If the frame rate is not compatible with the mobile phone, it will crash due to the mobile phone's self-protection mechanism during operation, resulting in a very poor gaming experience.

Based on this, we need to optimize the code to adapt to the different frame rates of different mobile phones on the market.

Challenges encountered

First, we use Streamline to obtain the configuration file of the game running on the Android device. When running the test scenario, we visualize the CPU and GPU performance counter activities to accurately understand the CPU and GPU workload of the device to locate the main problem of the frame rate drop. .

The frame rate analysis chart below shows how the application runs over time.

In the figure below, we can see the correlation between the execution engine cycle and the FPS drop. Obviously the GPU is busy with arithmetic operations, and the shaders may be too complicated.

In order to test the frame rate in different devices, use Union+U-APM test the freezing conditions on different models. It is found that the freezing occurs when rendering in the onSurfaceCreated function. The above analysis has been verified. Determine if the GPU is stuck during arithmetic operations:

Because different devices have different performance expectations, it is necessary to set their own performance budget for each device. For example, if the highest frequency of the GPU in the device is known and the target frame rate is provided, the absolute limit of the GPU cost per frame can be calculated.
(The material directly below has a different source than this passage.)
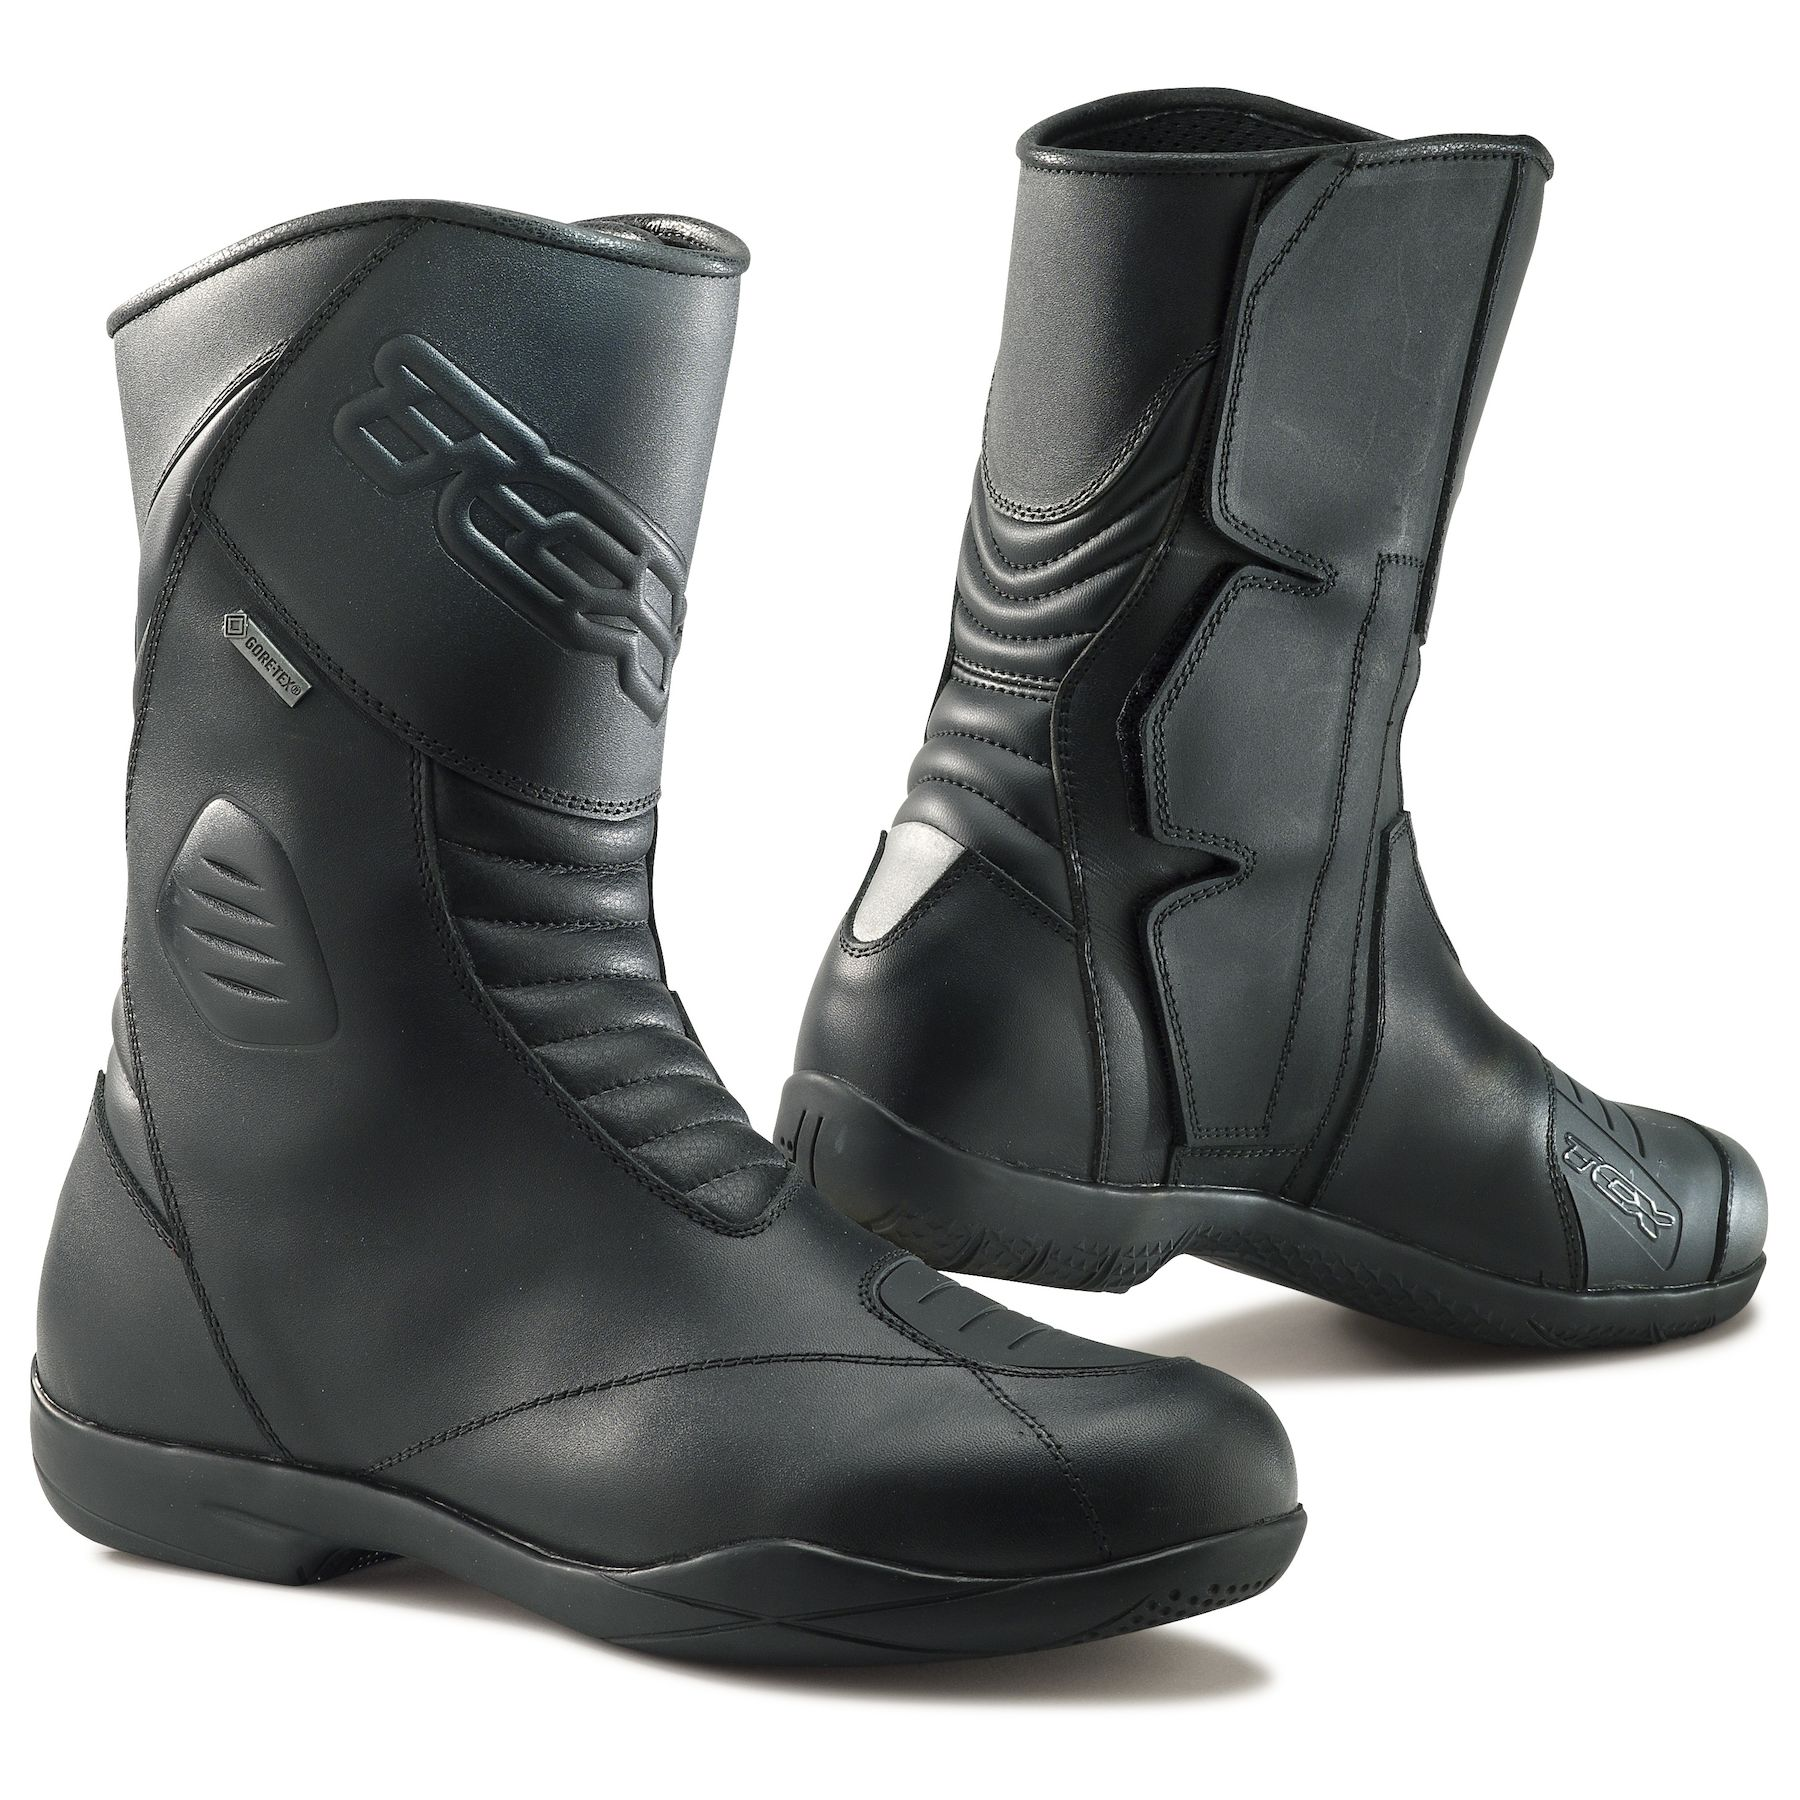 Tcx Gore Evo Boots Tex Five X nwP80XOk

$$ 每帧 GPU 成本 = GPU 最高频率 / 目标帧率 $$

There are certain constraints in the scheduling of CPU to GPU. Due to the limitation in scheduling, we cannot reach the target frame rate.
In addition, due to the serialization of the workload on the CPU-GPU interface, the rendering process is performed asynchronously.
The CPU puts the new rendering work in the queue, which is later processed by the GPU.

Data resource problem

The CPU controls the rendering process and provides the latest data in real time, such as the transformation and light position of each frame. However, GPU processing is asynchronous. This means that data resources will be referenced by queued commands and stay in the command stream for a period of time. The OpenGL ES in the program needs to be rendered to reflect the state of the resources when the draw call is made, so the resources cannot be modified until the GPU workload referencing them is completed.

debugging process

We have tried to edit and optimize the code of the referenced resource, but when we try to modify this part of the content, it will trigger the creation of a new copy of this part. This will be able to achieve our goal to a certain extent, but it will generate a lot of CPU overhead.
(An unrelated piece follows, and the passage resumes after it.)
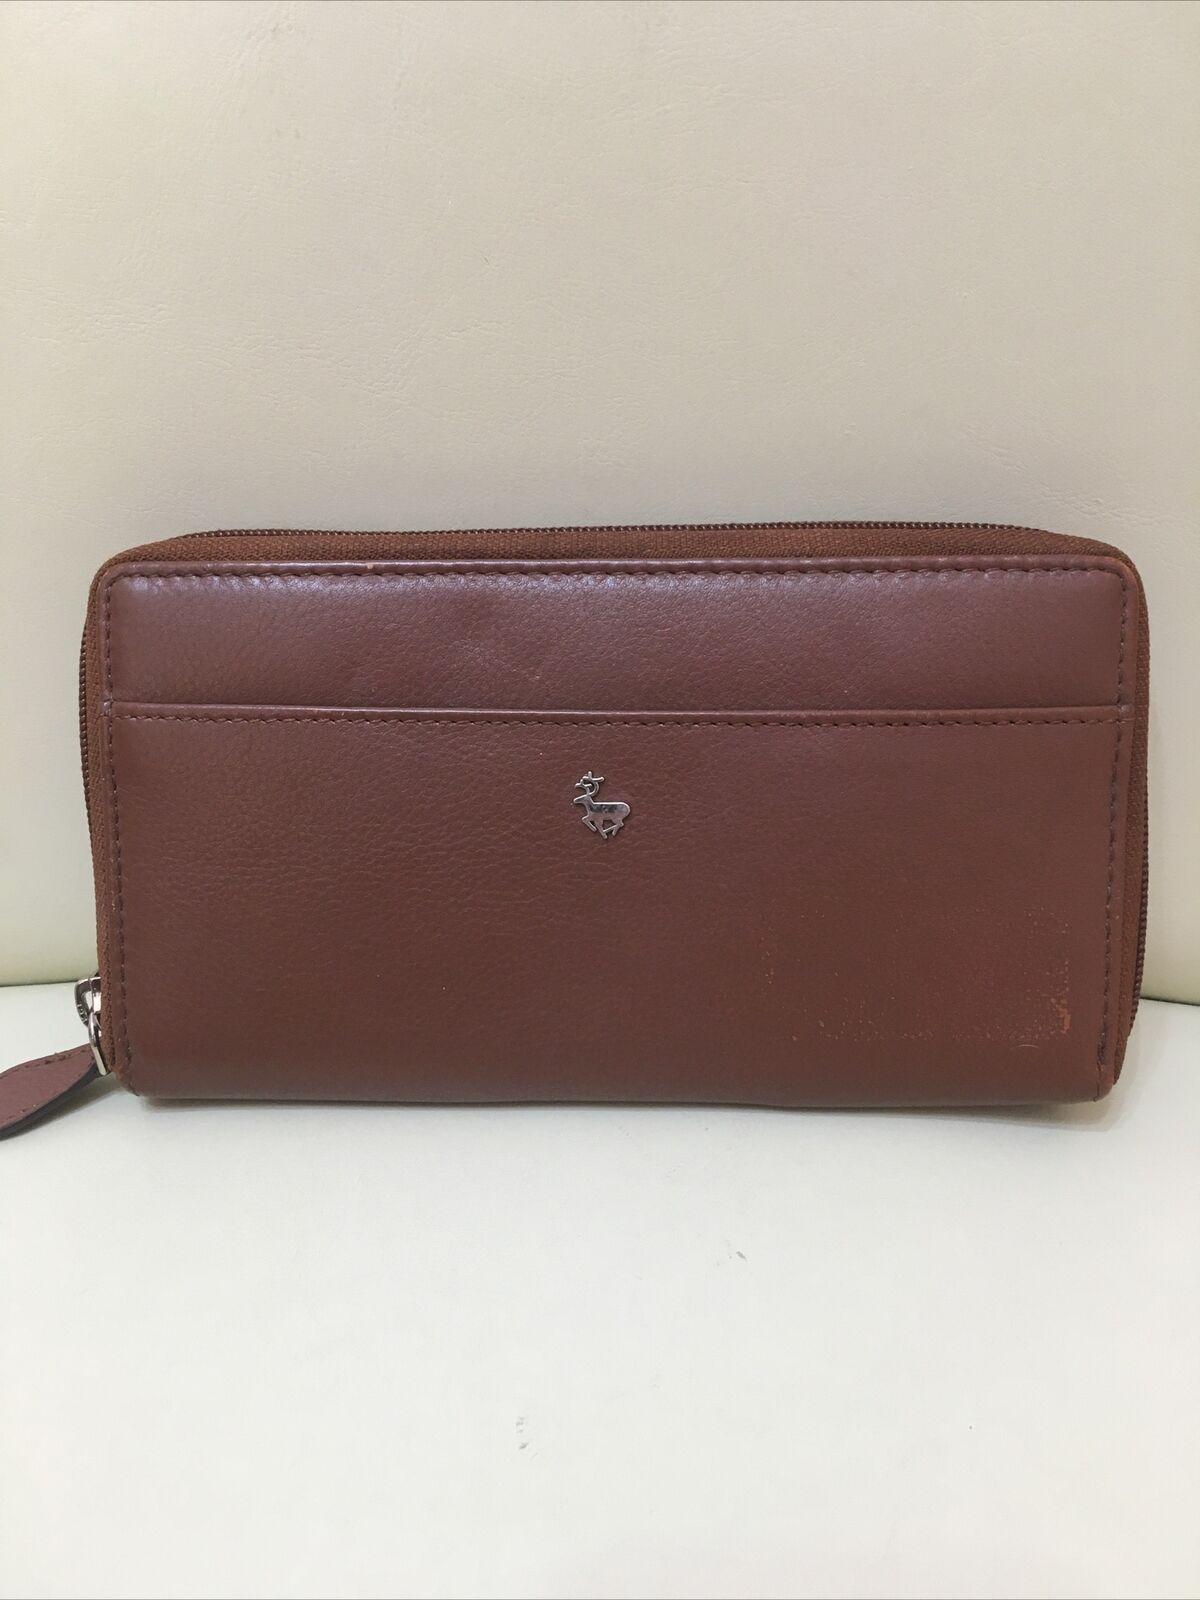 Lloyd Baker London ladies brown leather purse

So we used Streamline to identify instances of high CPU load. In the libGLES_Mali.so path function inside the graphics driver, you can see the extremely high occupancy time in the view.
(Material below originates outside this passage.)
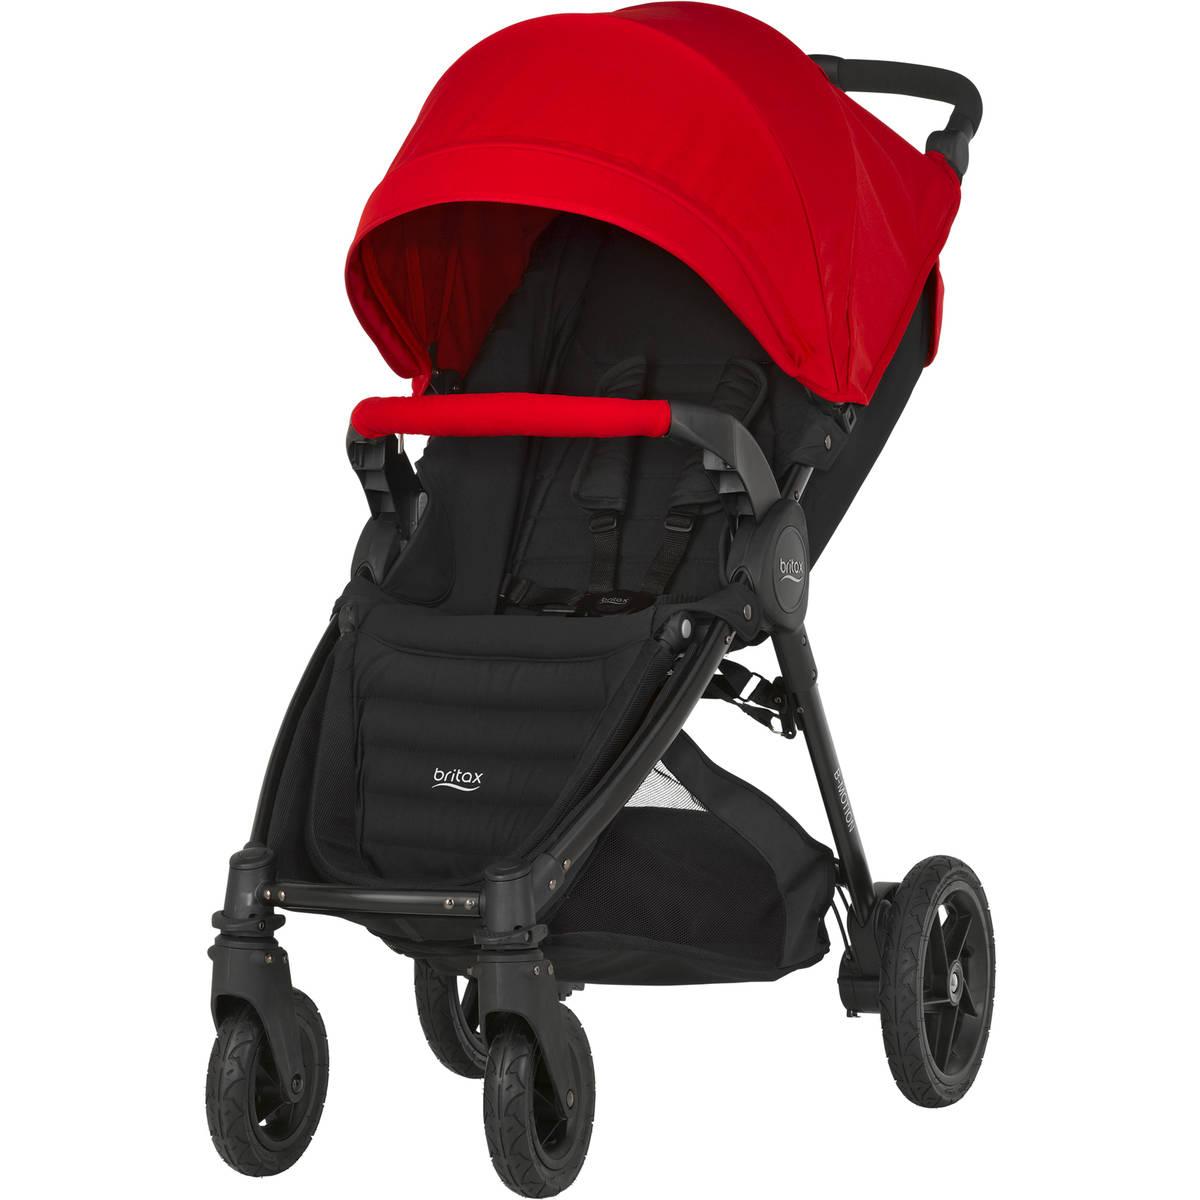 Flame Red - Matkarattaat - 3633320012 - 12

Since we want to adapt to different frame rates on different mobile phones, we need to find out whether libGLES_Mali.so has a very high occupancy time on different models of devices. Here, Umeng+U-APM is used to detect The function occupancy ratio of users on different models.

After U-APM custom exception test, the following models will cause high libGLES_Mali.so occupancy problems. Therefore, we need to solve the fluency problem based on the operation of the underlying hardware. At the same time, because there are more than one problem models, we need Starting from the memory level, consider how to call fewer memory buffers and release the memory in time.

Solution and optimization

Based on the previous analysis, we first try to optimize from the buffer zone.

Single buffer solution

• Use glMapBufferRange and GL_MAP_UNSYNCHRONIZED. Then use the sub-regions in a single buffer to construct the rotation. This avoids the need for multiple buffers, but this solution still has some problems. We still need to deal with managing sub-area dependencies. This part of the code brings us extra workload.

Multi-buffer solution

• We try to create multiple buffers in the system and use the buffers in a circular fashion. By calculating the number of suitable buffers, the code can reuse these circular buffers in subsequent frames. Since we use a large number of circular buffers, a large number of log records and database writes are very necessary. But there are several factors that can cause poor performance here:

  1. Generated additional memory usage and GC pressure
  2. The Android operating system actually writes log messages to logs instead of files, which requires additional time.
  3. If there is only one call, then the performance cost here is minimal. However, due to the use of a circular buffer, multiple calls are needed here.

We will enable the memory allocation tracking function in the Mono analyzer based on c# to locate the problem:

$ adb shell setprop debug.mono.profile log:calls,alloc

We can see that the method takes time every time it is called:

Method call summary
Total(ms) Self(ms)      Calls Method name
     782        5        100 MyApp.MainActivity:Log (string,object[])
     775        3        100 Android.Util.Log:Debug (string,string,object[])
     634       10        100 Android.Util.Log:Debug (string,string)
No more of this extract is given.